Brazil is a republic of the South American continent, a major industrial country, producing aircraft, armaments, automobiles, nuclear power, and steel as well as many consumer commodities. In addition, Brazil is mineral rich in gold, iron ore, aluminum, bauxite, manganese, mica, and other minerals, including precious stones. Brazilian agrocorporations export bananas, coffee, cotton, oranges, sugar, tea, tobacco, and beef products, among other things.
Having 3,286,426 square miles of territory, Brazil is located between 40.5 degrees to 70.5 degrees longitude. The latitude from the equator (traveling north) reaches 10.5 degrees from the equator (traveling south) to 50.25 degrees latitude.
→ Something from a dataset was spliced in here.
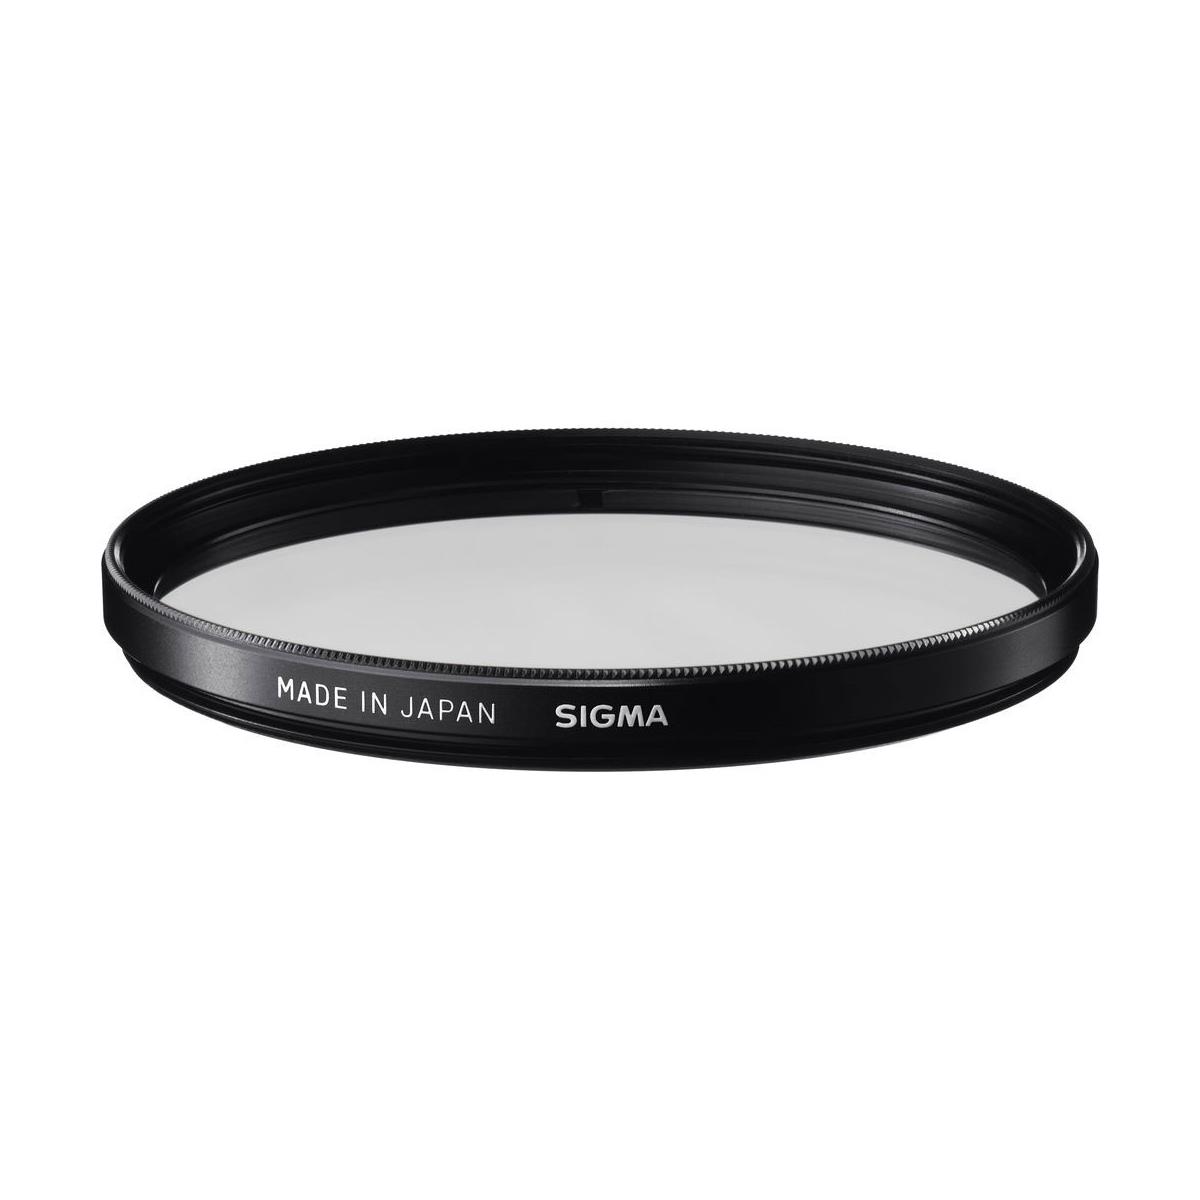 Sigma 52mm WR UV Filter - Water & Oil Repellent & Antistatic

The North Atlantic Ocean comprises most of Brazil’s northern border, stretching (west to east) from the state of Amapa to the state of Paraiba. Traveling west from Amapa, Brazil’s northern border touches French Guiana, Surinam, Guyana, Venezuela, Colombia, and Peru.
On the western border (from north to south), Brazil touches Colombia, Peru, Bolivia, Paraguay, Argentina, and Uruguay. From the southernmost tip of Brazil (the state of Santa Cruz) traveling north to the state of Pernambuco, Brazil is again bordered by the South Atlantic, giving Brazil one of the longest seacoasts (4,600 miles) in the world.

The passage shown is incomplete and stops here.